* **WHAT IS EXPECTED**
Once the pictures are set aside, copy the data below exactly as it stands.

--- DATASET SECTION Enclosed Below ---

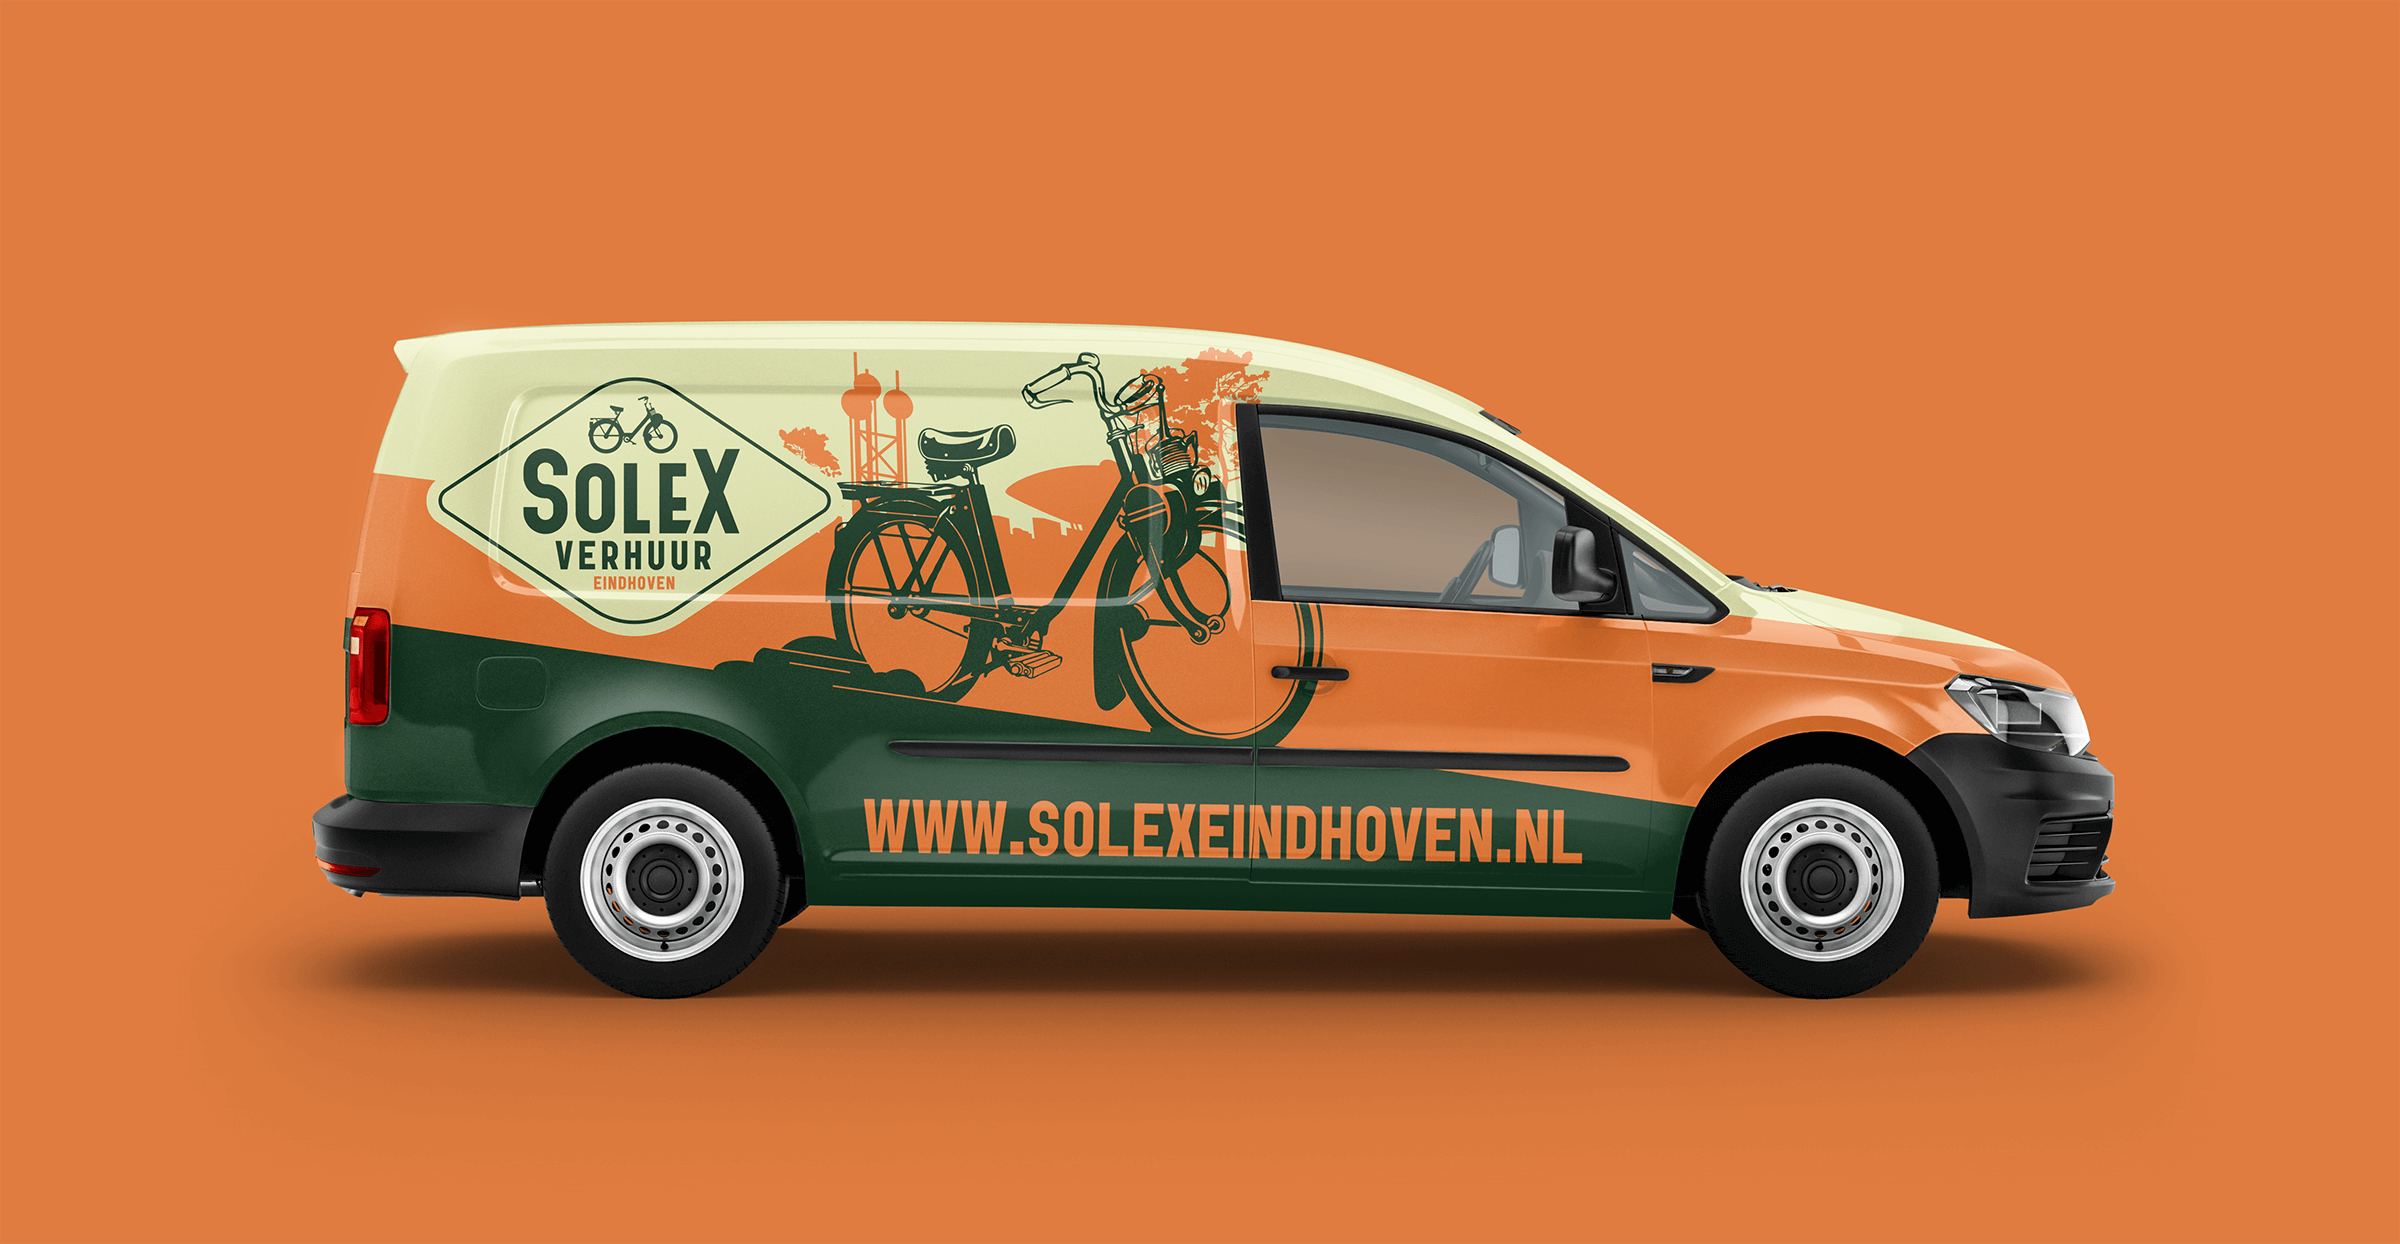 Solex-verhuur_bus
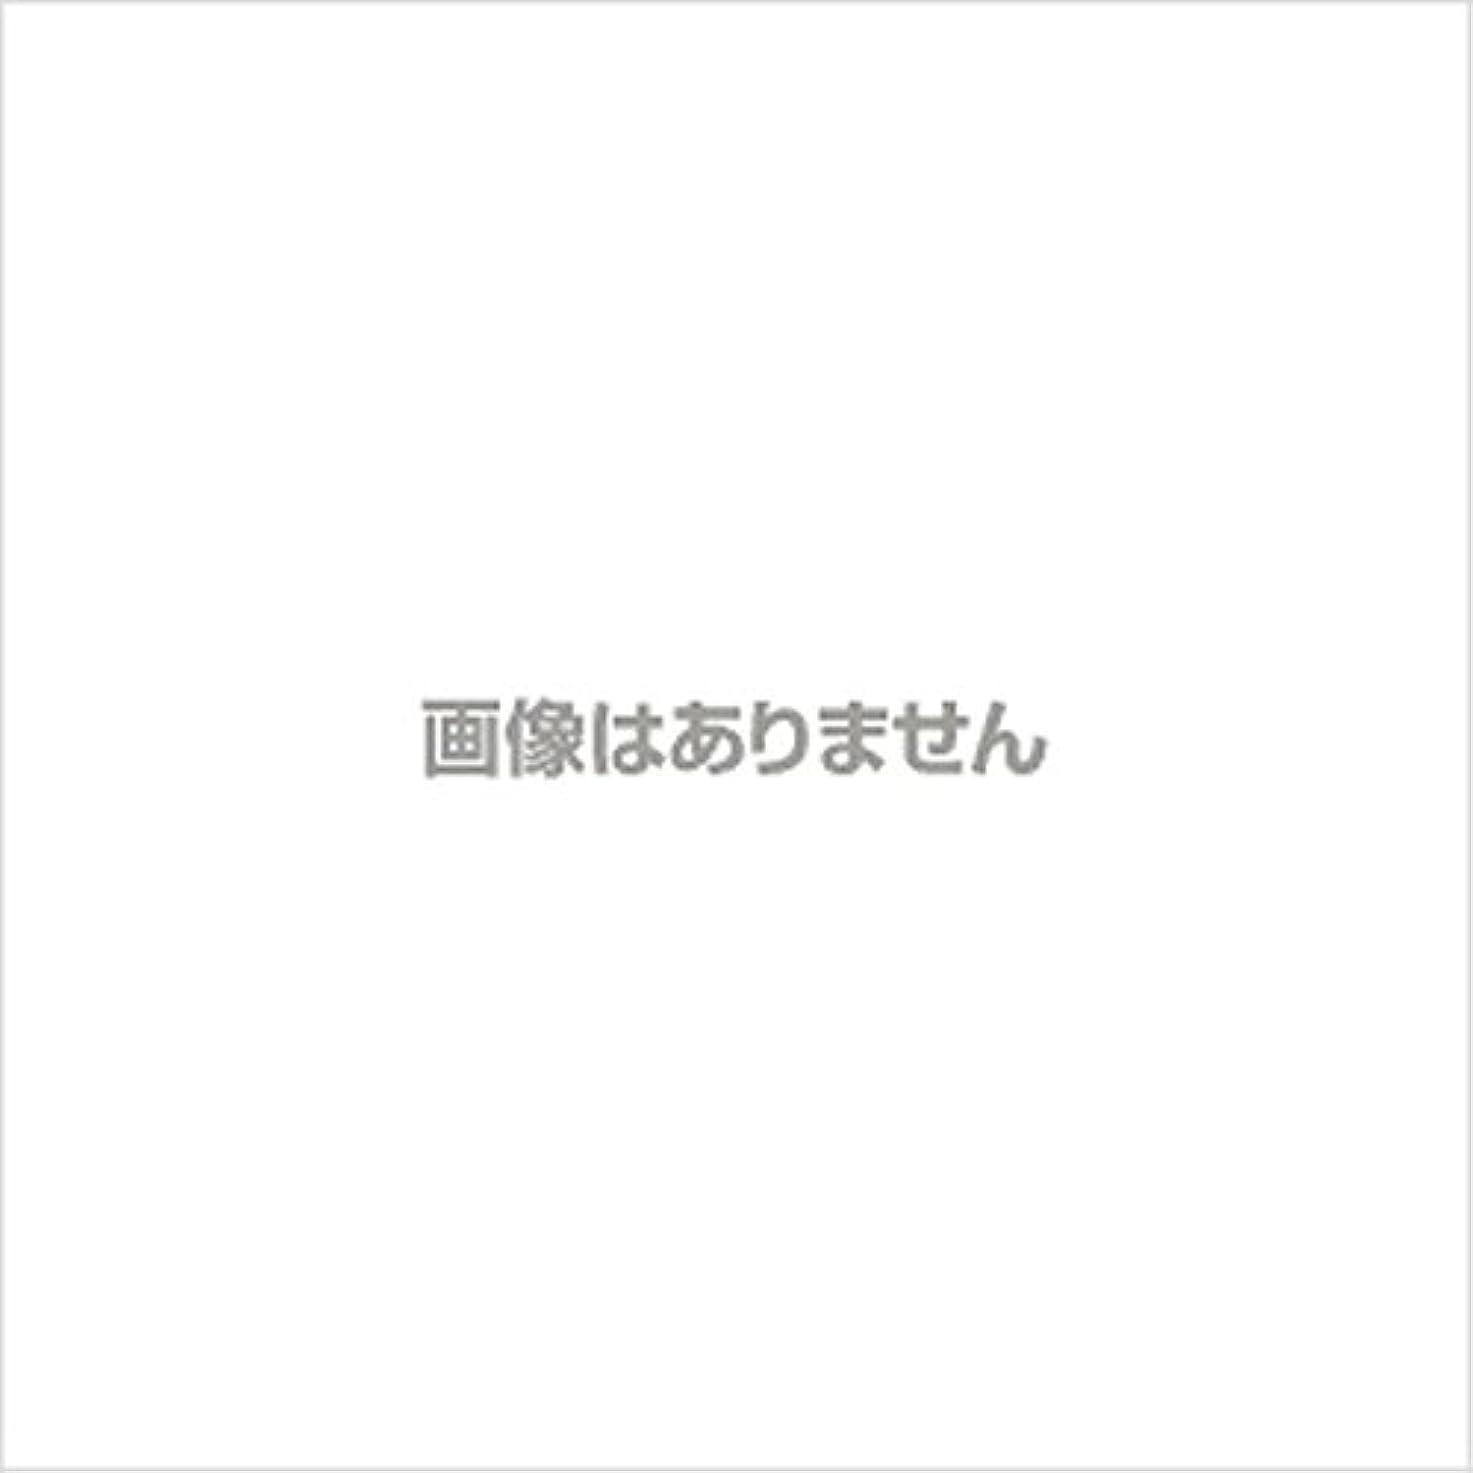 気難しい気を散らす裁定【新発売】EBUKEA エブケアNO1004 プラスチックグローブ(パウダーフリー?粉なし)Sサイズ 100枚入(極薄?半透明)
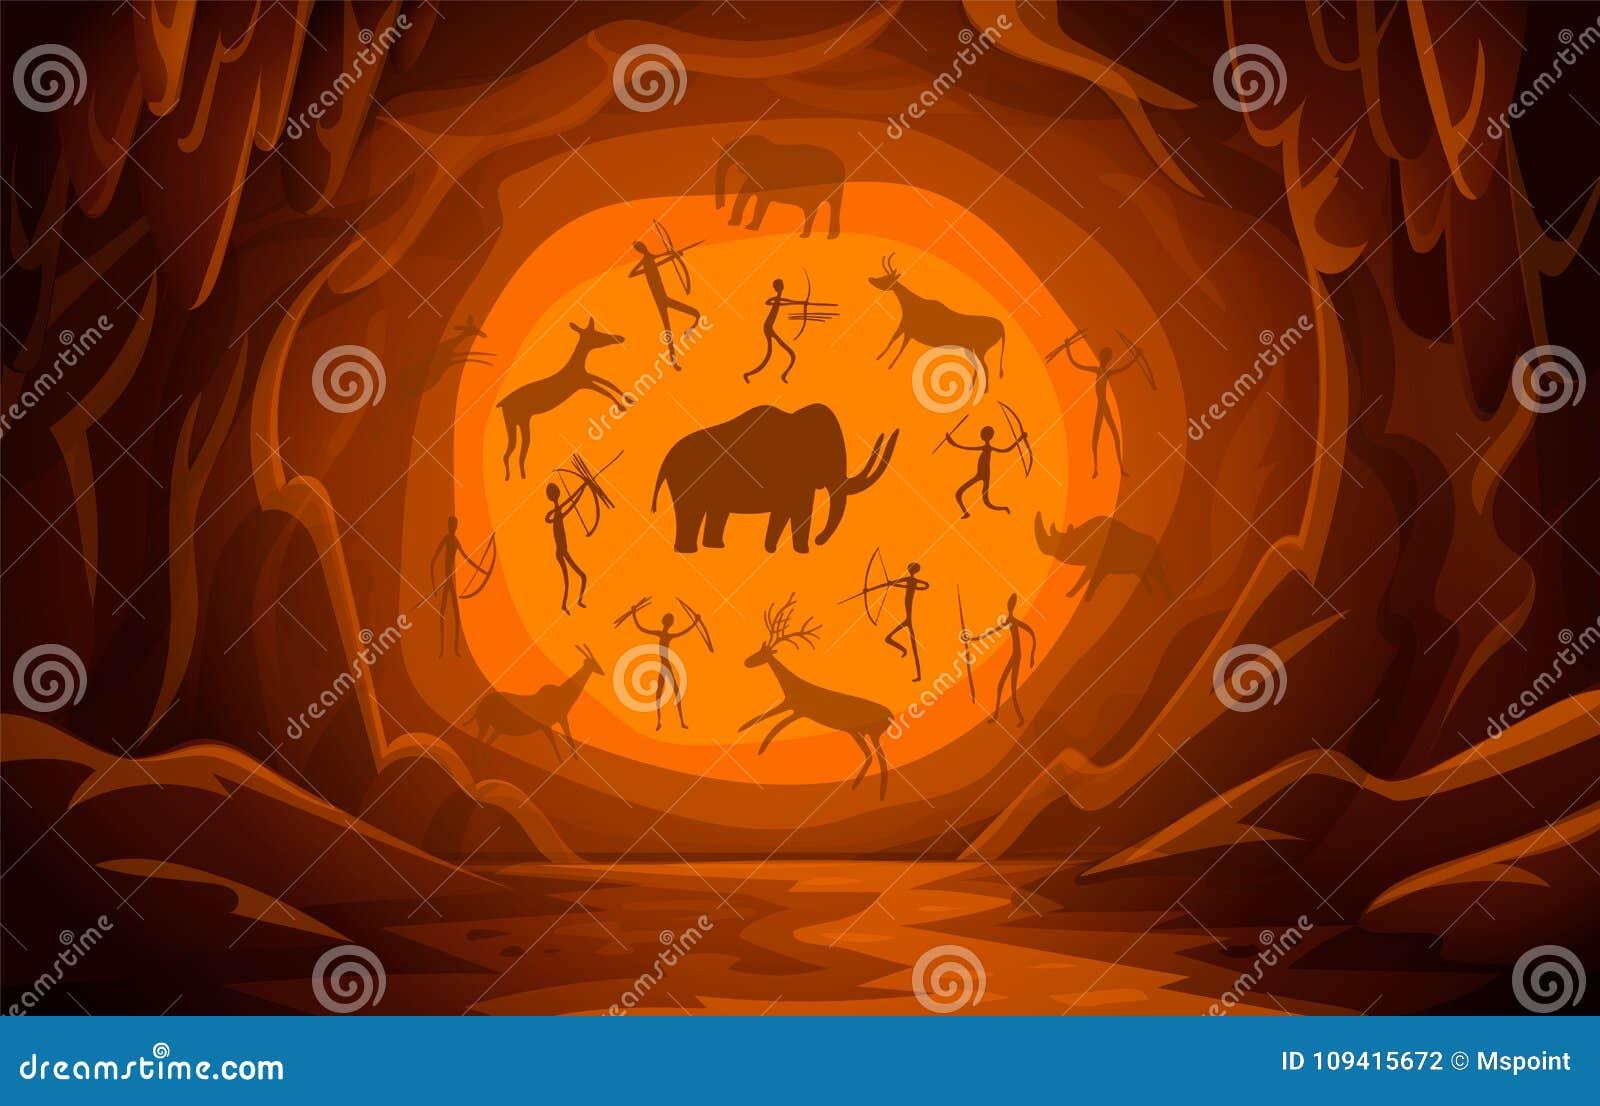 Caverne avec des dessins de caverne Peintures de caverne primitives de fond de scène de montagne de bande dessinée pétroglyphes a

--- End of Enclosed DATASET SECTION ---

* **WRITTEN SOLUTION**
 Solex-verhuur_bus
 気難しい気を散らす裁定【新発売】EBUKEA エブケアNO1004 プラスチックグローブ(パウダーフリー?粉なし)Sサイズ 100枚入(極薄?半透明)
 Caverne avec des dessins de caverne Peintures de caverne primitives de fond de scène de montagne de bande dessinée pétroglyphes a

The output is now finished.